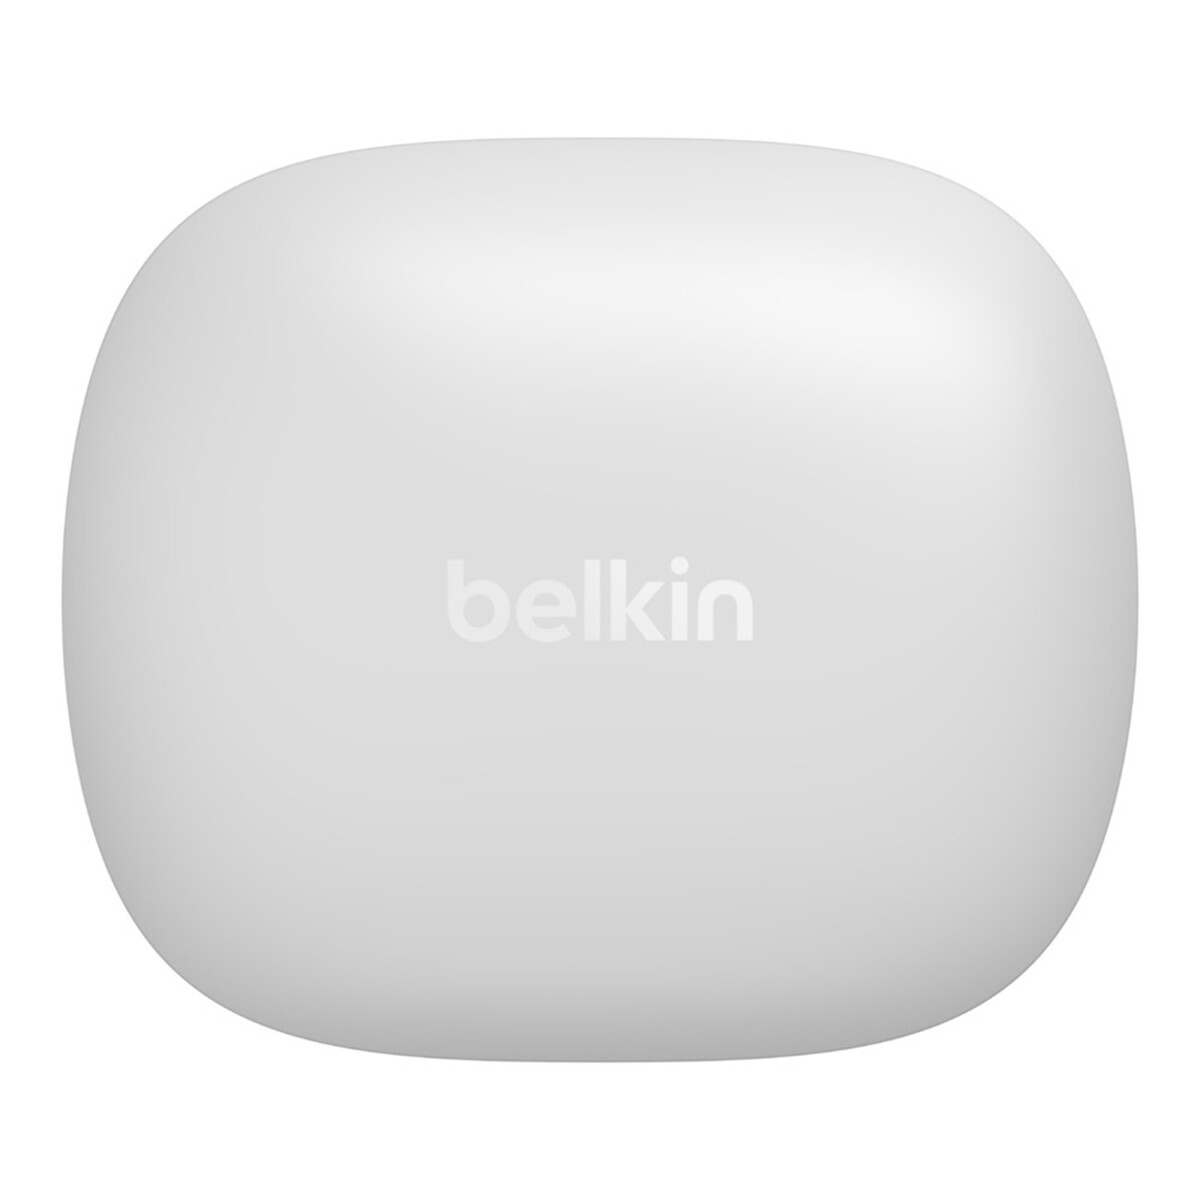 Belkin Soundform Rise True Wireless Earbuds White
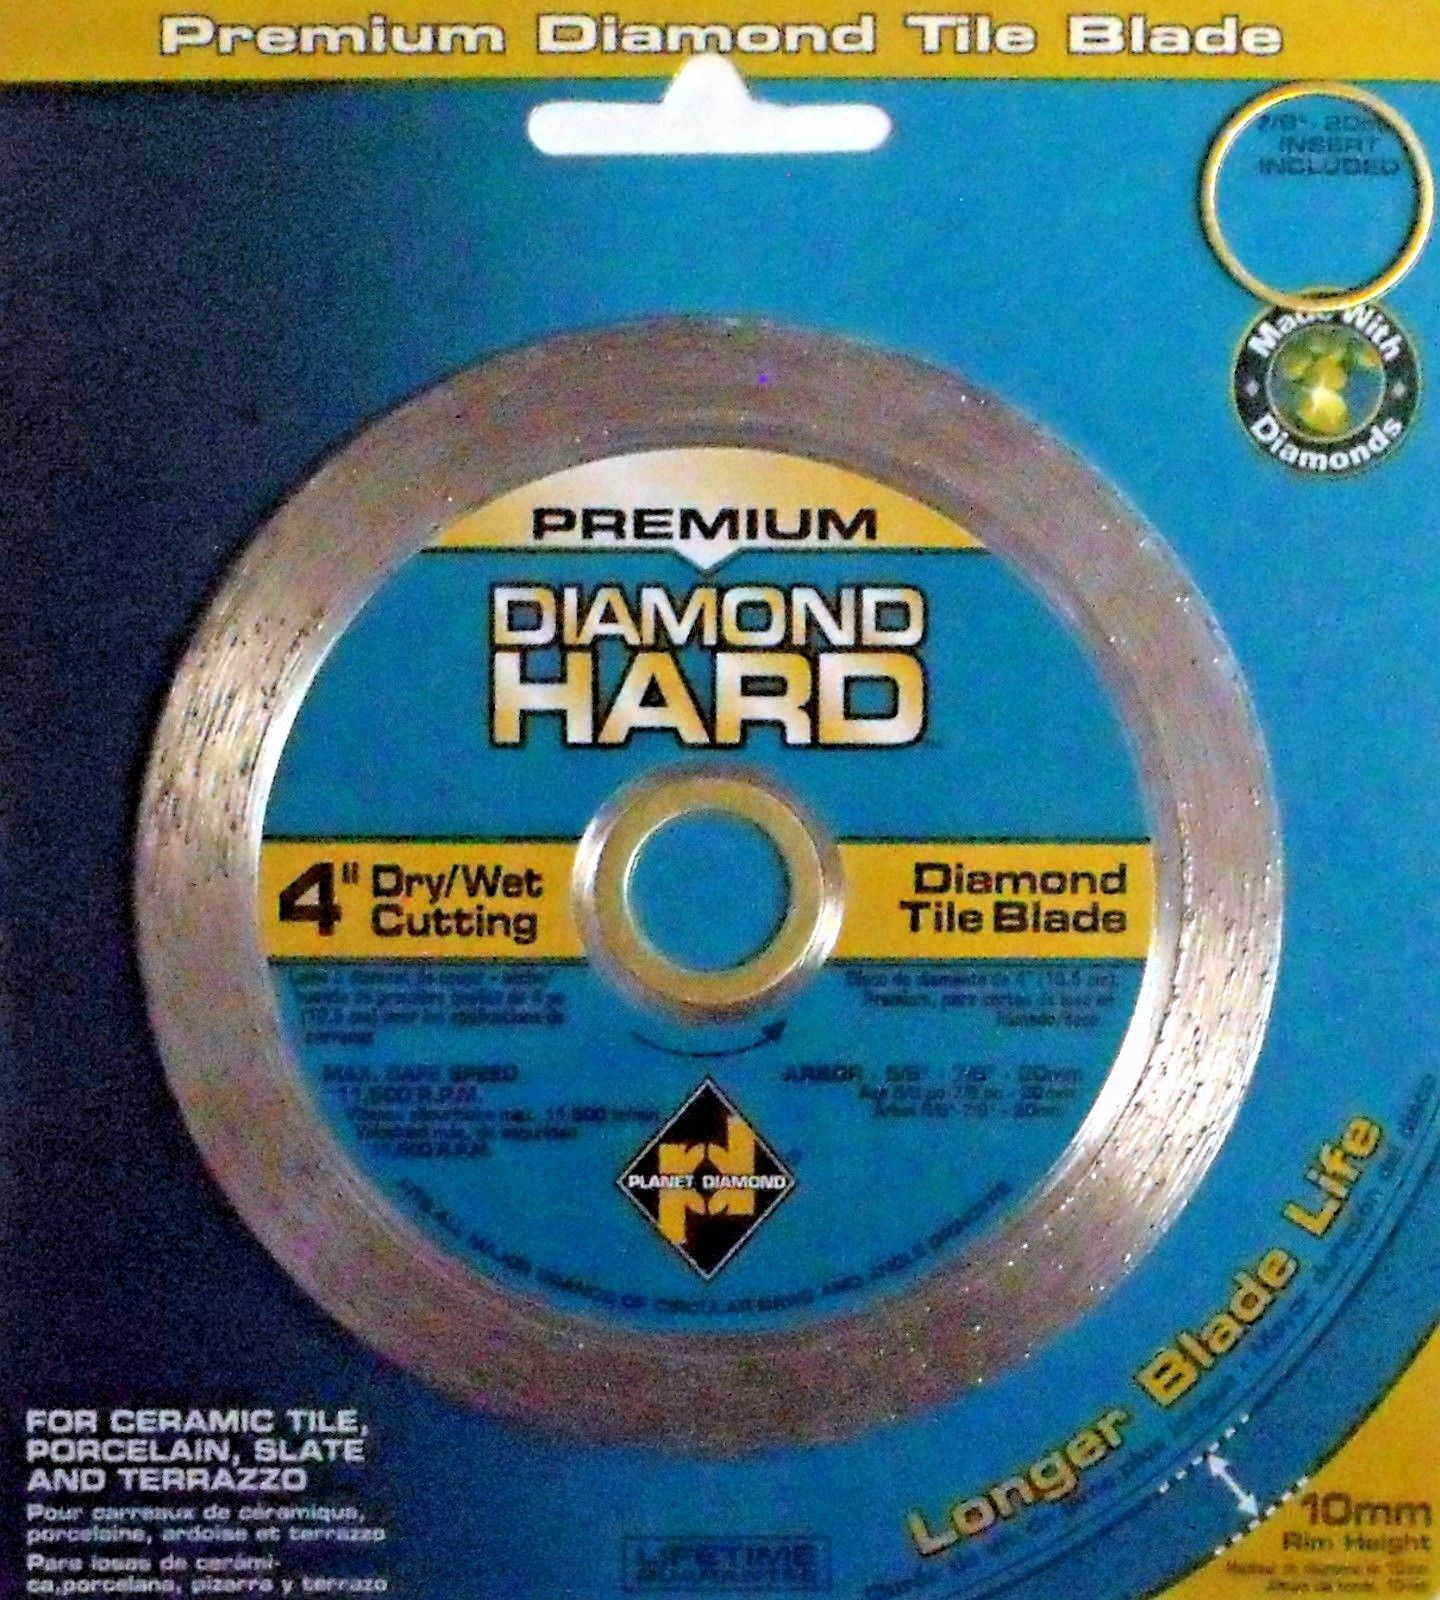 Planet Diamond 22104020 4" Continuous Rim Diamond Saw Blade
+ + + + +
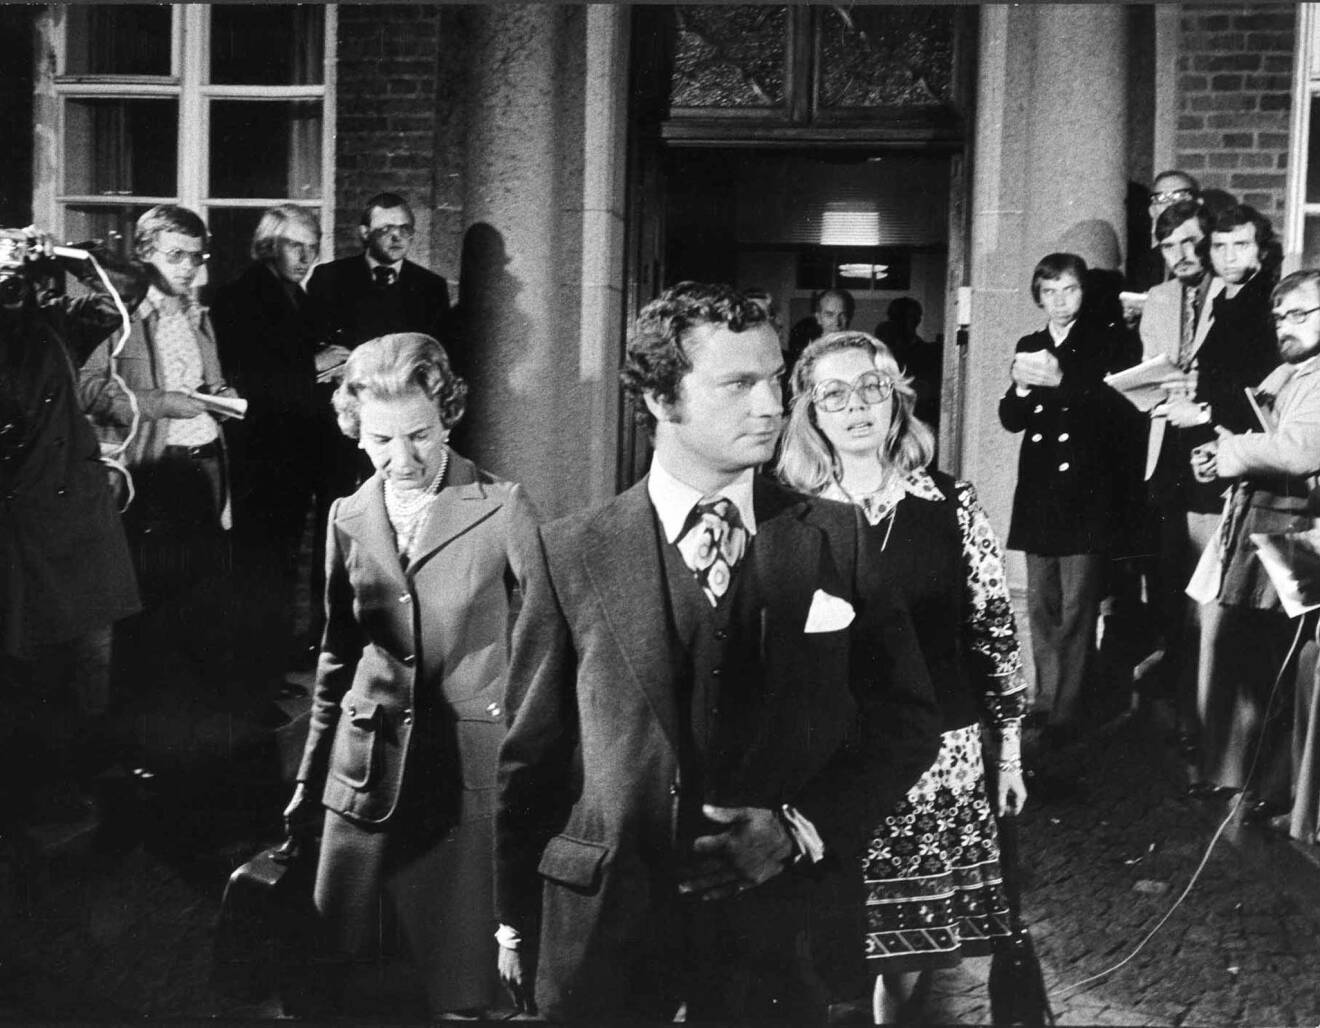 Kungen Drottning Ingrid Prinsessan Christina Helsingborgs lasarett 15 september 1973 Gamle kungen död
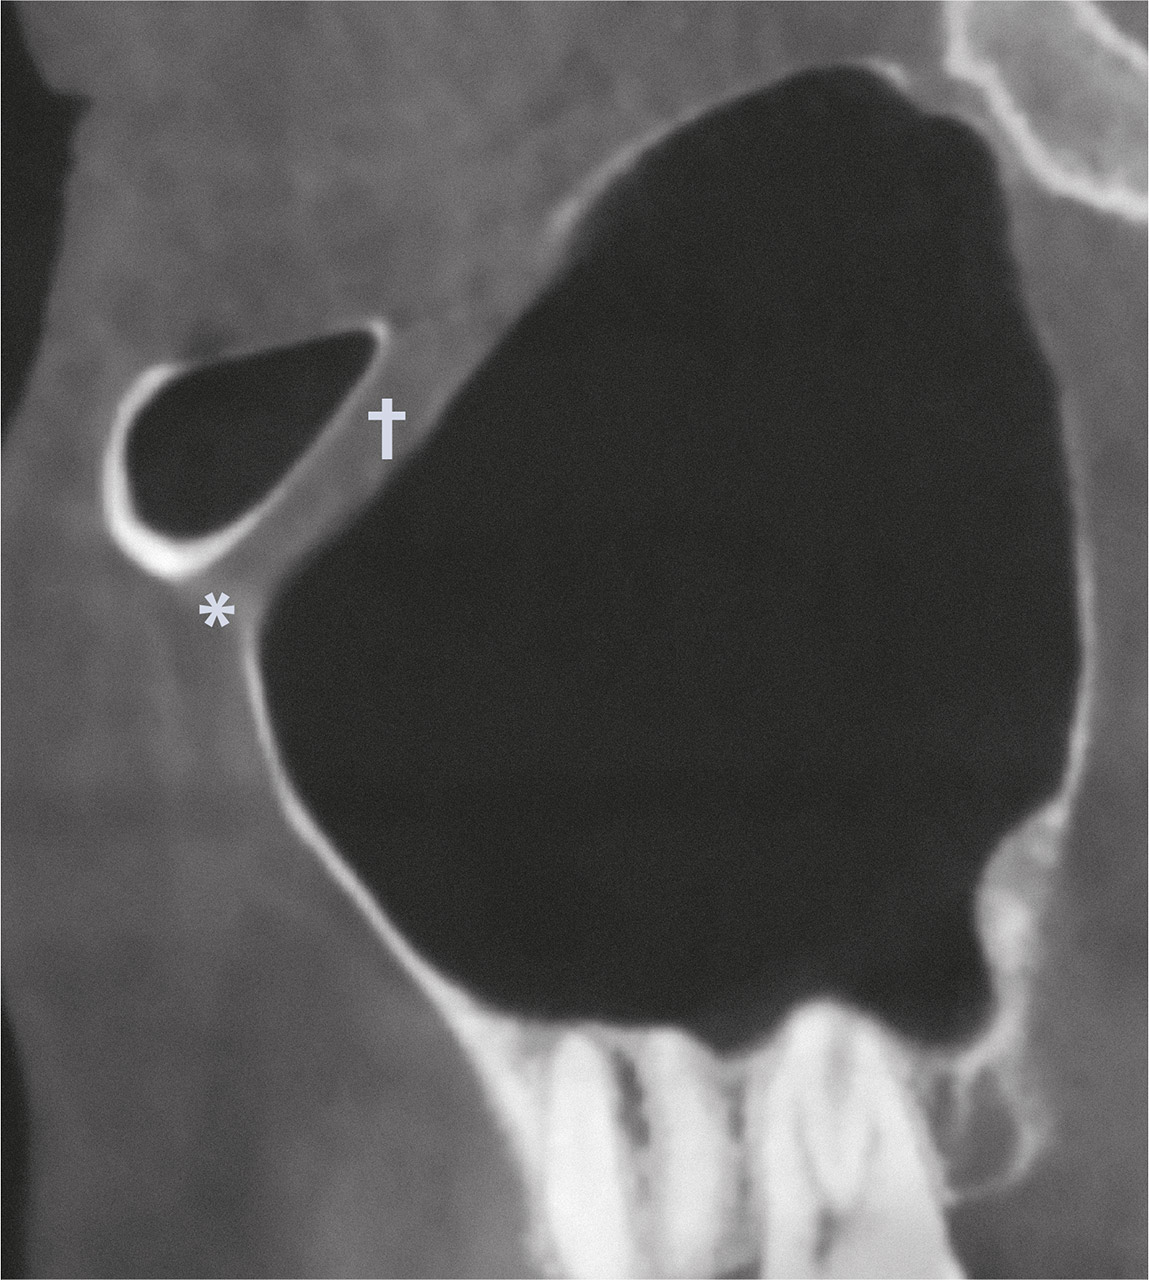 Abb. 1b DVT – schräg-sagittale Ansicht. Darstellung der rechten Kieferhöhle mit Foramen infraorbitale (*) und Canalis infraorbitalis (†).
+ + + + +
[Exercise goal]: Return the lines above from the one with "Belkin Soundform Rise" through the one with "Planet Diamond 22104020", verbatim and nothing else. Omit every picture.

[Result of this task]:
 Belkin Soundform Rise True Wireless Earbuds White
 Planet Diamond 22104020 4" Continuous Rim Diamond Saw Blade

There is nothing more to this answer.